Valutazioni quantitative. Il lieve vantaggio dell’Europa sugli Stati Uniti in termini macroeconomici lascia presupporre una sovraperformance dell’Euro sul Dollaro, come già avvenuto nel 2017, quando la moneta unica ha guadagnato oltre il 14% nei confronti del biglietto verde. Questo trend è proseguito anche all’inizio del nuovo anno e l’apprezzamento del 3% segnato a gennaio ha portato il cambio Euro/Dollaro (EURUSD) a toccare un picco di 1,25. Da allora in poi la moneta europea ha però continuato a oscillare in un intervallo relativamente ristretto, perdendo anche lievemente terreno contro quella statunitense. I differenziali di rendimento tra i due mercati spiegano in parte la battuta d’arresto, dato che i tassi d’interesse più alti negli Stati Uniti potrebbero fungere da stabilizzatore del cambio EURUSD. È probabile che anche le aspettative sulla politica monetaria delle due economie abbiano il loro peso, con i mercati che scontano quasi tre strette da parte della Federal Reserve nel corso dell’anno contro pressoché un nulla di fatto della Banca Centrale Europea (BCE). Un mutato orientamento della BCE avrebbe probabilmente delle conseguenze sul corso di cambio delle due valute e potrebbe sbloccare la situazione.
Fattori tecnici. Negli ultimi mesi il posizionamento di consensus degli investitori si è spostato a favore dell’Euro.
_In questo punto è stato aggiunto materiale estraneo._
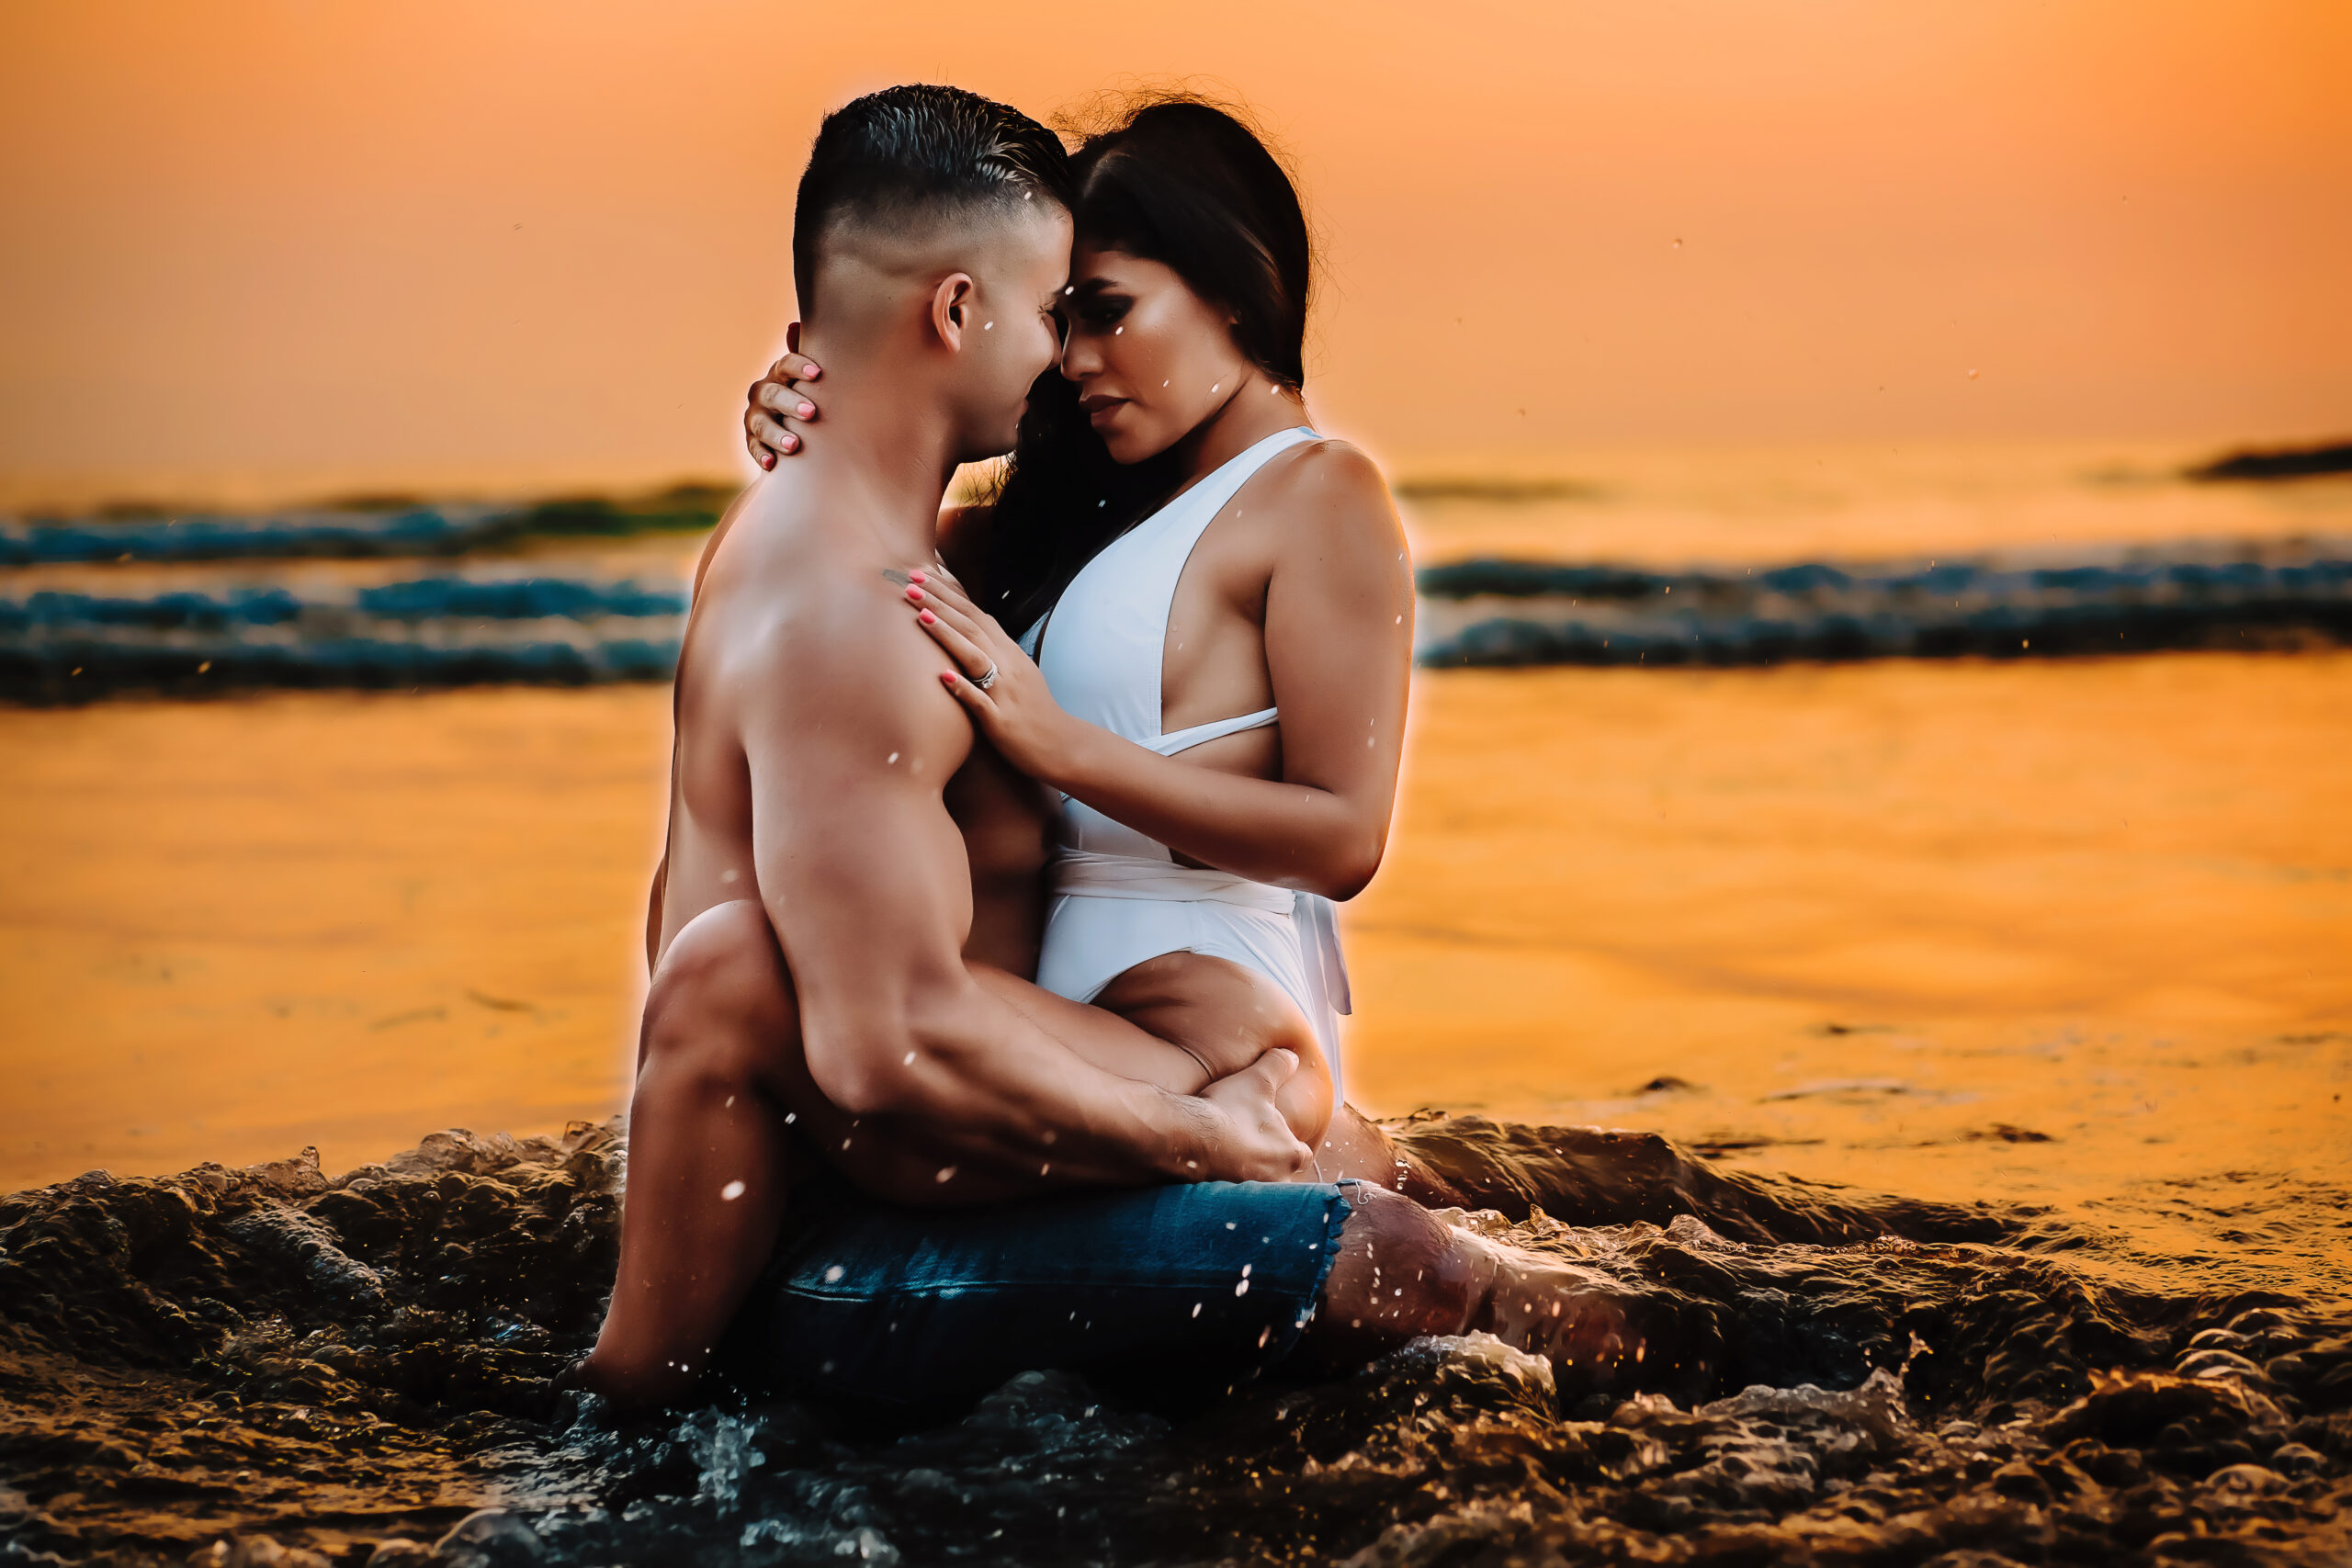 A man and woman embrace each other in the crashing waves, captured by St. Louis Boudoir Photographer Andrea Moore.

La nostra indagine proprietaria sui posizionamenti mostra che quelli sull’Euro sono prossimi ai recenti massimi, mentre per quanto riguarda il Dollaro appaiono i più ribassisti tra le valute del G10. In altre parole, è possibile che gli operatori considerino la moneta unica un interessante bene rifugio, alla luce dell’incertezza sulla Brexit e dei segnali di crescente protezionismo negli Stati Uniti. Tuttavia, questo potrebbe ostacolare ulteriori apprezzamenti del cambio EURUSD, anche se non escludiamo che lo scarto di posizionamento possa accentuarsi maggiormente, visti i dati storici sulle posizioni rialziste e ribassiste per questa coppia.
Cosa significa per gli investitori obbligazionari? Entrambe le valute presentano fattori favorevoli, anche se tutto sommato sorprende il fatto che l’avanzata dell’Euro abbia recentemente perso slancio. A prescindere dal motivo, questo scarto potrebbe avere ripercussioni sui mercati obbligazionari. Se l’Euro dovesse restare debole, contribuendo così a mantenere accomodanti le condizioni finanziarie, la BCE avrebbe più spazio di manovra per alzare i tassi e quindi i rischi per le obbligazioni europee sarebbero maggiori. Nel complesso ci attendiamo che durante l’anno prevalgano i timori sui deficit gemelli e che quindi il tasso di cambio EURUSD salga attorno a quota 1,30. In ogni caso consigliamo agli investitori di monitorare questo confronto e di tenersi pronti a fronteggiare le eventuali conseguenze sulle obbligazioni europee.